Students do not need their own GPU for this course. They can use cloud-based solutions, or if they do not want to purchase cloud-based GPU environment, they can still take this course to get theoretical knowledge of CUDA and programming experience of other open-source libraries like mpi/openMP. The course also exposes students to cutting-edge research fields in which GPU programming is in use these days.
The course offers a 30-day money-back guarantee.
The Cuda Basics course is designed for programmers with a basic understanding of C or C++ who seek to learn the fundamentals of Cuda C programming. The course provides a combination of lectures and example programs to help participants design their own algorithms and take advantage of the full performance benefits of GPGPU programming.

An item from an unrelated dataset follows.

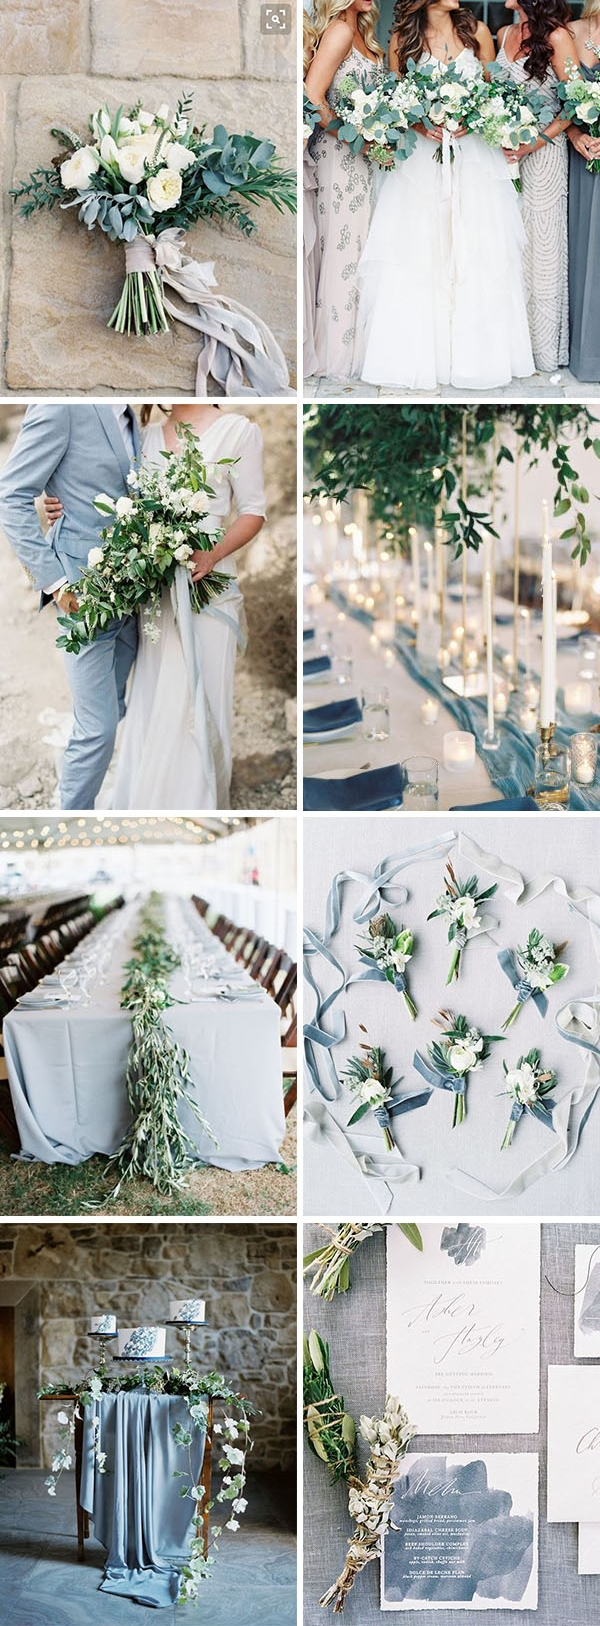 dusky-blues-neutral-shades-organic-wedding-color-palette-ideas-for-all-seasons-1.jpg

The course includes a range of topics, divided into different sections. The first section offers an introduction to Cuda C and covers the process of installing Cuda. The second section focuses on Cuda hardware design, while the third section provides an overview of the Cuda execution model.
The course offers a range of example programs that help participants understand key concepts, including adding vectors, occupancy, shared memory, and memory coalescence. Additionally, participants will learn about constant memory, atomic functions, warp level primitives, and dynamic parallelism.
The final sections of the course provide an introduction to pinned, zero copy, and unified memory, as well as streams and multi-GPU programs. By the end of the course, participants will have the skills and knowledge necessary to design their own algorithms and take full advantage of the performance benefits of GPGPU programming.
The course titled GPU Programlama is instructed by Muhammed Fatih Bayraktar. The course focuses on the CUDA Runtime API and its application in artificial intelligence and graphics programming. The course emphasizes the ever-increasing size of data and the need for efficient processing through the use of graphics processing units (GPUs). Students will learn to harness the power of GPUs to develop new algorithms and achieve exceptional results.
A GPU is a specialized electronic circuit designed to quickly process and manipulate memory in a frame buffer to produce output for a display device. They are utilized in embedded systems, cell phones, personal computers, workstations, and gaming consoles. With their highly parallel structure, modern GPUs are efficient in processing large blocks of data in parallel, making them more efficient than general-purpose central processing units (CPUs). GPUs are commonly found in personal computers as an individual graphics card or embedded on the mainboard.
The term GPU originally referred to a programmable processing unit designed to operate independently of the CPU and manage graphic processing and output. The term gained popularity in 1994 when Sony referred to its Toshiba-designed Sony GPU for the PlayStation console. Nvidia later marketed the GeForce 256 as the world’s first GPU in 1999. The course covers various topics related to GPU programming, including basics, memory, first GPU code, occupancy, debugging, performance measurement, project files, memory transfer, simultaneous operations, cache levels, shared memory, and closure.
The course consists of several sections, beginning with the basics and fundamentals of GPU programming, followed by memory management, code development, performance measurement, and debugging. Students will learn to develop efficient and high-performance algorithms that take advantage of the GPU’s parallel structure. The course also covers advanced topics such as cache levels, shared memory, and closure. Through the course, students will develop the necessary skills to utilize GPUs effectively and efficiently.